Notes for CNN course by deeplearning.ai (week 2)

23 Jan 2021

These are my notes for week 2, focusing on case studies.

Video: Why look at case studies?

Look at classic CNN is a good way to gain intuition about how CNNs work. Also, in computer vision, successful architecture for one task is often good for another task.

Classic CNN examples looked at this week:

LeNet-5
AlexNet
VGG
ResNet
Inception

Video: Classic Networks

LeNet-5 (1998)

Introduced to recognize black&white hand-written digits (32x32x1). The architecture is described below. Note that at the time of the paper, padding was not common. So all convolutional layers shrink the size of the image.

Convolutional layer: 5x5, stride=1, 6 channels -> output: 28x28xg
average pooling (today would probably use max pooling): 2x2, stride=2 -> output: 14x14x6.
Convolutional layer: 5x5, stride=1, 16 channels -> output: 10x10x16
average pooling : 2x2, stride=2 -> output: 5x5x16.
fully connected layers: 400x120, 120x84, 84x10.
output layer today would probably be a softmax. In the paper, they used something else that is not common today.

All non-linearities were tanh or sigmoid. Also, they applied activation functions after the pooling layers. Total network had about 60,000 parameters, which is small by today’s standard (>1M parameters). However variation in image size through the network remains current: height and width go down, number of channels go up. Another aspect that remains often true today is the alternance of the layers: conv, pool, conv, pool, fc, output. A last note, they had a different way of apply the kernels to the input image (i.e, didn’t have kernels with the same number of channels as the input).

AlexNet (2012)

The architecture is described below. The input image is 227x227x3.

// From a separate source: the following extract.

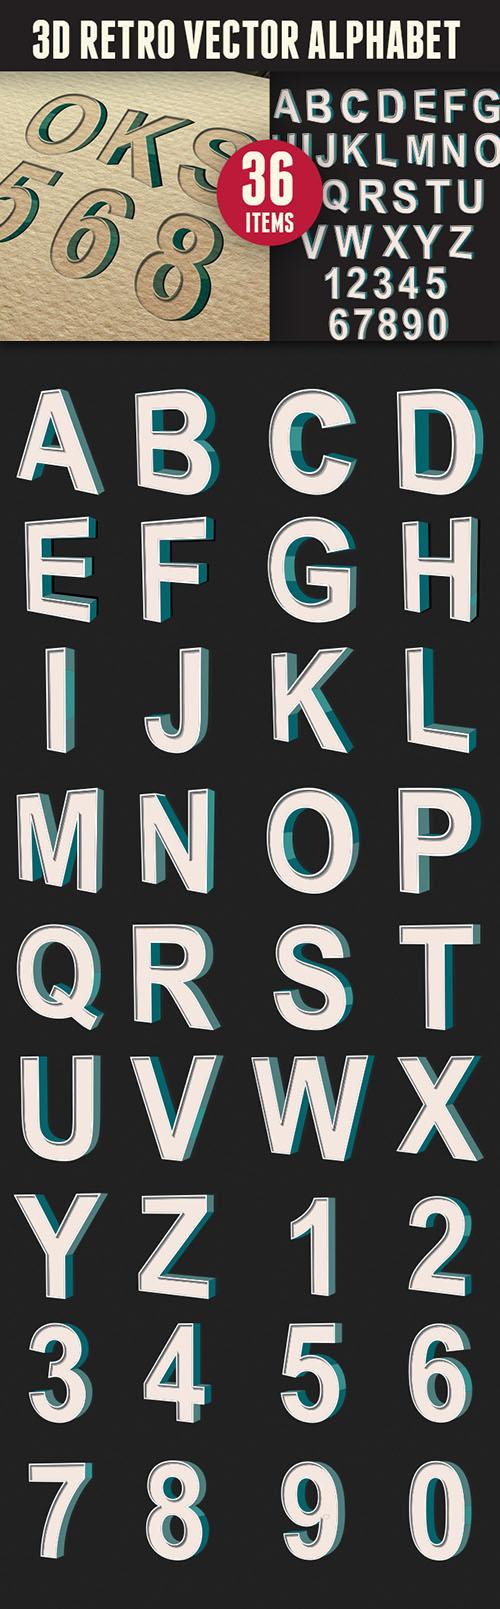 3D Retro Vector Alphabet

conv layer, 11x11, stride=4, 96 channels -> 55x55x96
max pooling, 3x3, stride=2 -> 27x27x96
conv layer, 5x5, same padding, 256 channels -> 27x27x256
max pooling, 3x3, stride=2 -> 13x13x256
conv layer, 3x3, same padding, 384 channels ->13x13x384
conv layer, 3x3, same padding, 384 channels ->13x13x384
conv layer, 3x3, same padding, 256 channels ->13x13x256
max pooling, 3x3, stride=2 -> 6x6x256
conv layer, 3x3, same padding, 384 channels ->13x13x384
conv layer, 3x3, same padding, 384 channels ->13x13x384
conv layer, 3x3, same padding, 256 channels ->13x13x256
Fully-connected layers: 9216 -> 4096 -> 4096 -> 1,000 (Softmax)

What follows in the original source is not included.